Phosphorylated on multiple serine sites. Several of these sites are hormone-dependent. Phosphorylation on Ser-294 occurs preferentially on isoform B, is highly hormone-dependent and modulates ubiquitination and sumoylation on Lys-388. Phosphorylation on Ser-102 and Ser-345 also requires induction by hormone. Basal phosphorylation on Ser-81, Ser-162, Ser-190 and Ser-400 is increased in response to progesterone and can be phosphorylated in vitro by the CDK2-A1 complex. Increased levels of phosphorylation on Ser-400 also in the presence of EGF, heregulin, IGF, PMA and FBS. Phosphorylation at this site by CDK2 is ligand-independent, and increases nuclear translocation and transcriptional activity. Phosphorylation at Ser-162 and Ser-294, but not at Ser-190, is impaired during the G(2)/M phase of the cell cycle. Phosphorylation on Ser-345 by ERK1/2 MAPK is required for interaction with SP1.; Sumoylation is hormone-dependent and represses transcriptional activity. Sumoylation on all three sites is enhanced by PIAS3. Desumoylated by SENP1. Sumoylation on Lys-388, the main site of sumoylation, is repressed by ubiquitination on the same site, and modulated by phosphorylation at Ser-294.; Ubiquitination is hormone-dependent and represses sumoylation on the same site. Promoted by MAPK-mediated phosphorylation on Ser-294.; Palmitoylated by ZDHHC7 and ZDHHC21. Palmitoylation is required for plasma membrane targeting and for rapid intracellular signaling via ERK and AKT kinases and cAMP generation.

SUBCELLULAR LOCATION

Nucleus. Cytoplasm. Note=Nucleoplasmic shuttling is both hormone- and cell cycle-dependent. On hormone stimulation, retained in the cytoplasm in the G(1) and G(2)/M phases.; [Isoform A]: Nucleus. Cytoplasm.

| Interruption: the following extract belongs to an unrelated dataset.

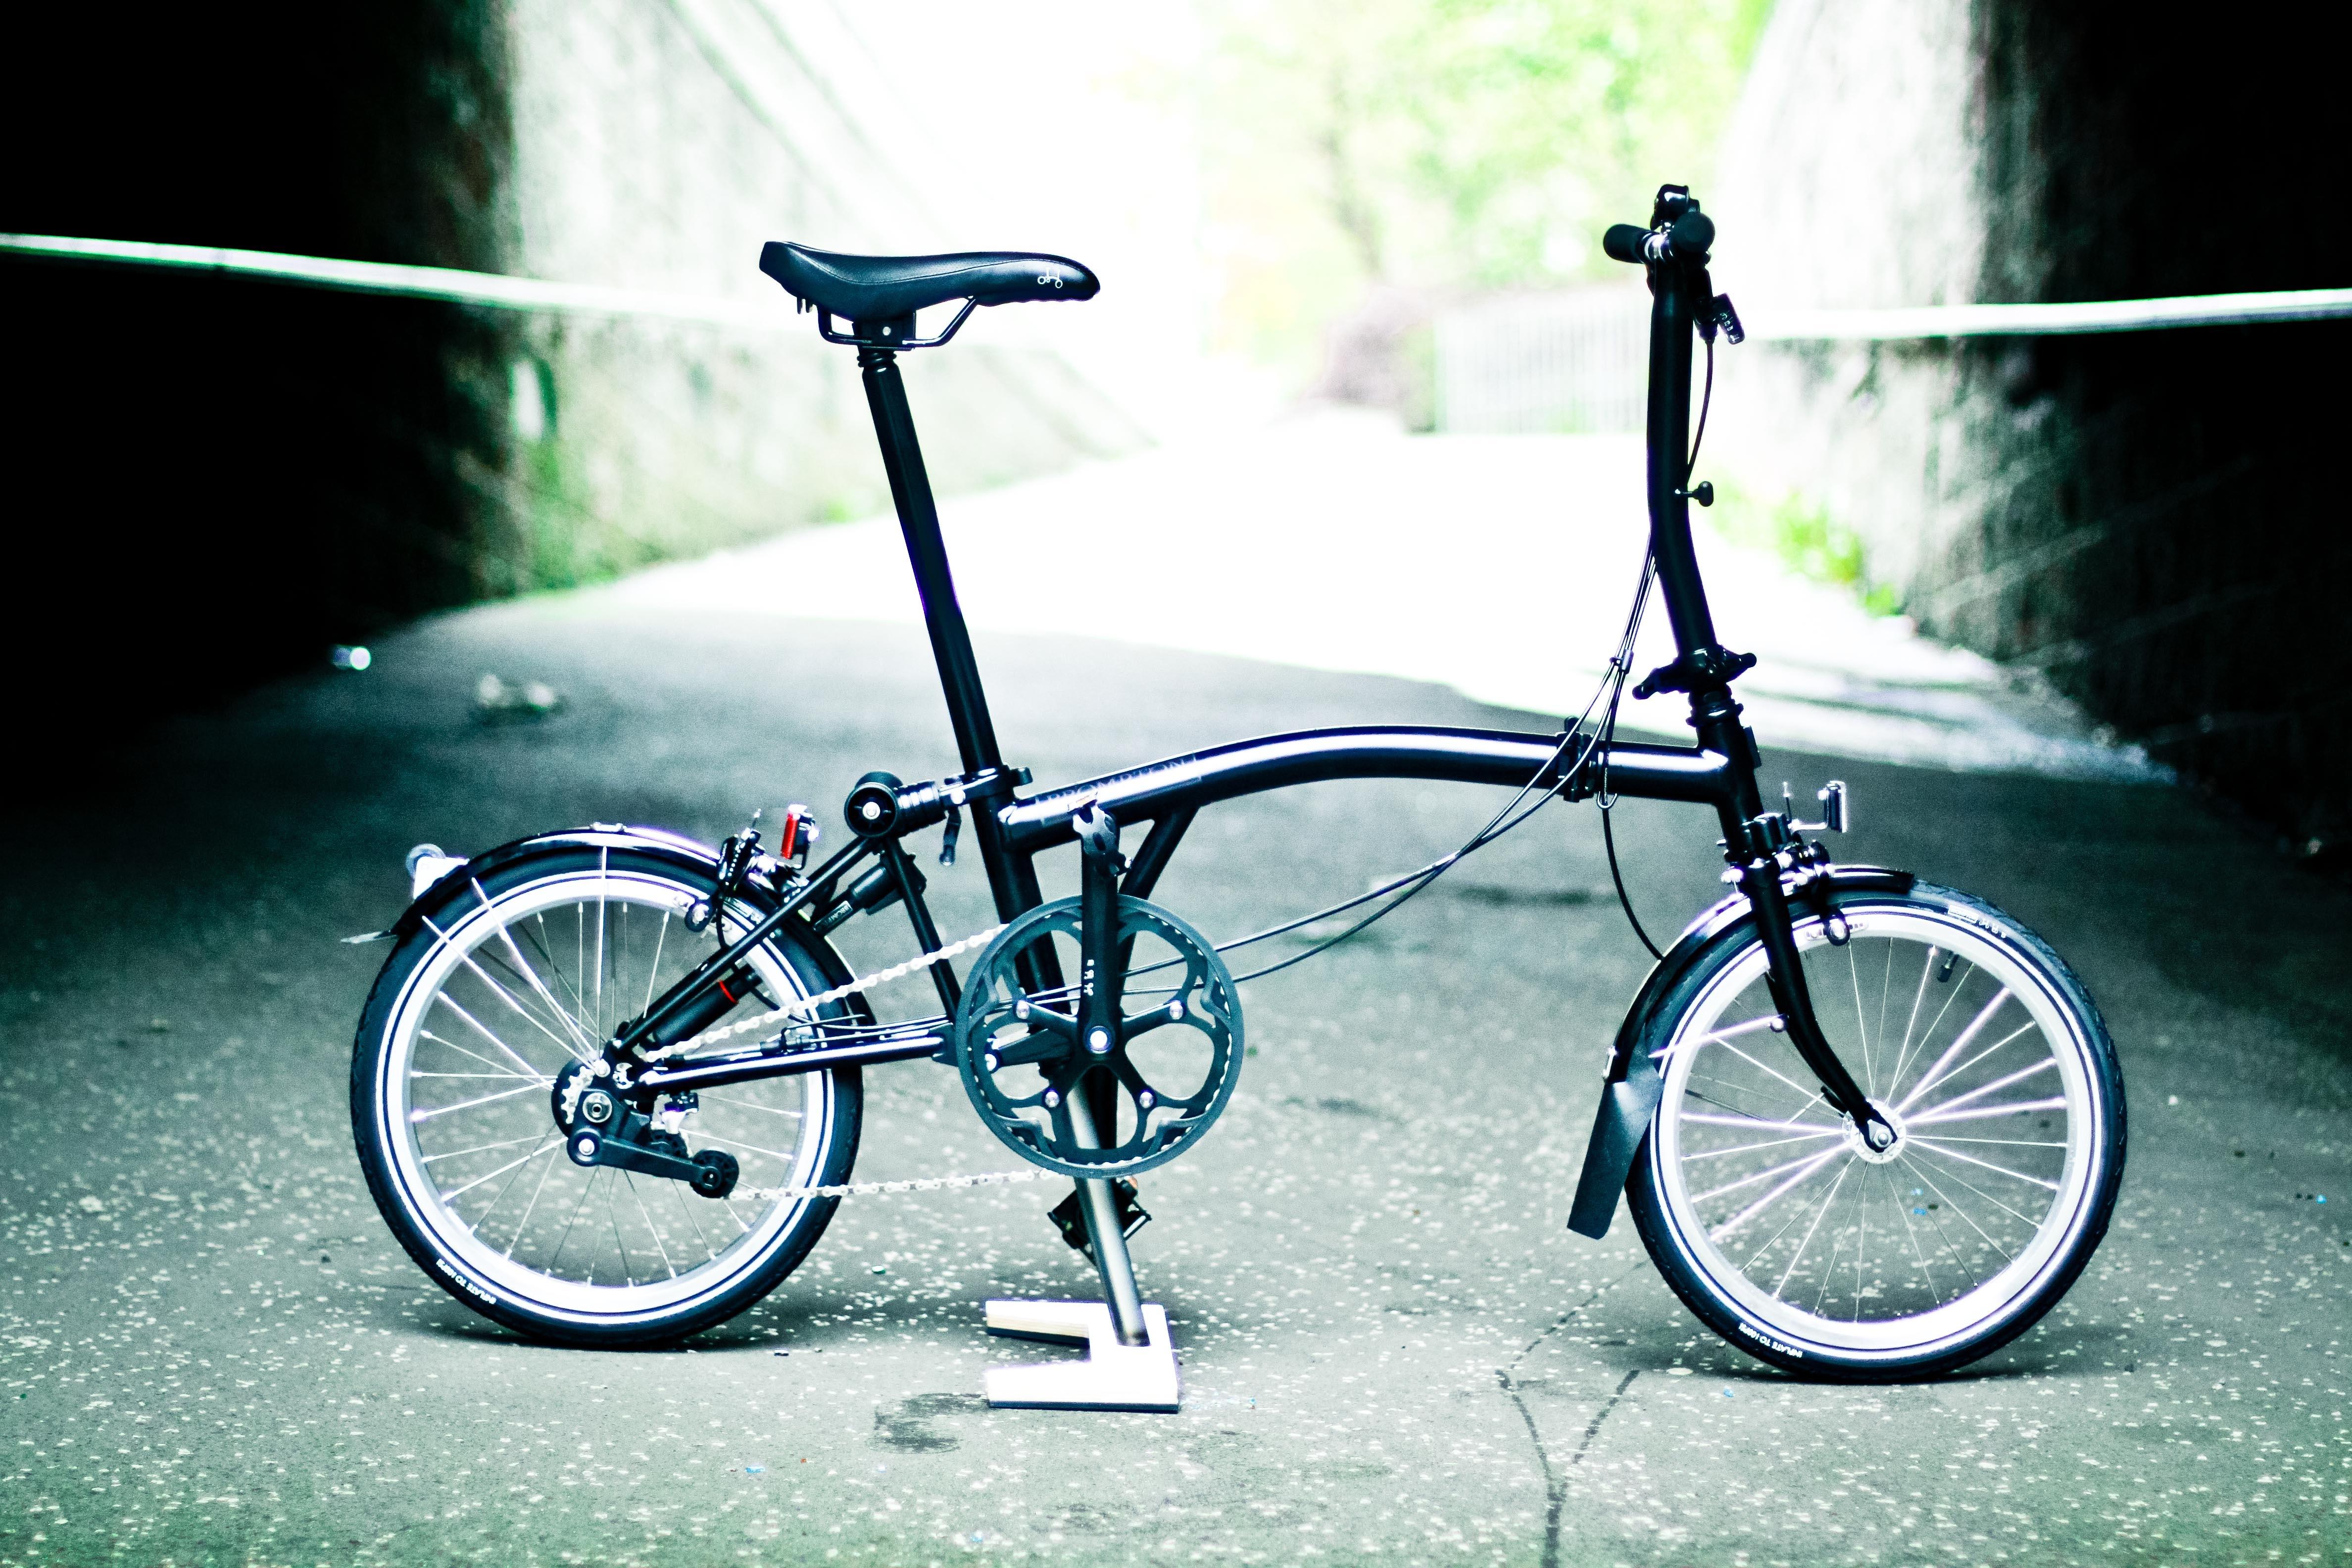 Brompton The Bike – single speed
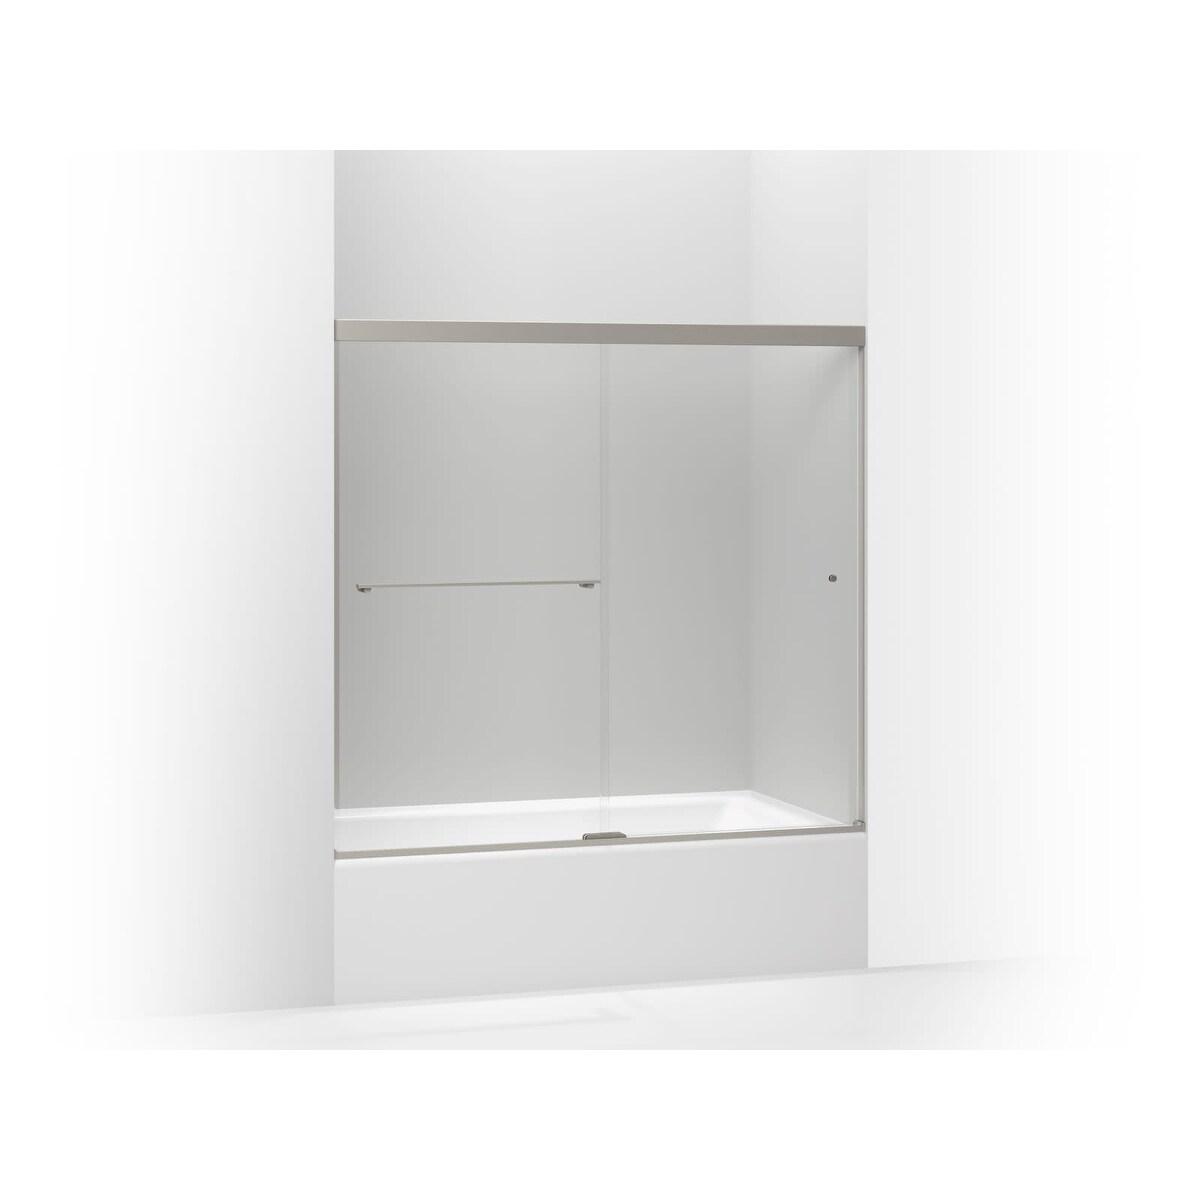 Kohler K 707000 L Revel Frameless Sliding 55 1 2 X 59 5 8 Shower Door With 1 4 Clear Glass Reversible Opening And Cleancoat

Note=Mainly nuclear.; [Isoform 4]: Mitochondrion outer membrane.

FUNCTION

The steroid hormones and their receptors are involved in the regulation of eukaryotic gene expression and affect cellular proliferation and differentiation in target tissues. Depending on the isoform, progesterone receptor functions as transcriptional activator or repressor.; [Isoform A]: Ligand-dependent transdominant repressor of steroid hormone receptor transcriptional activity including repression of its isoform B, MR and ER. Transrepressional activity may involve recruitment of corepressor NCOR2.; [Isoform B]: Transcriptional activator of several progesteron-dependent promoters in a variety of cell types. Involved in activation of SRC-dependent MAPK signaling on hormone stimulation.; [Isoform 4]: Increases mitochondrial membrane potential and cellular respiration upon stimulation by progesterone.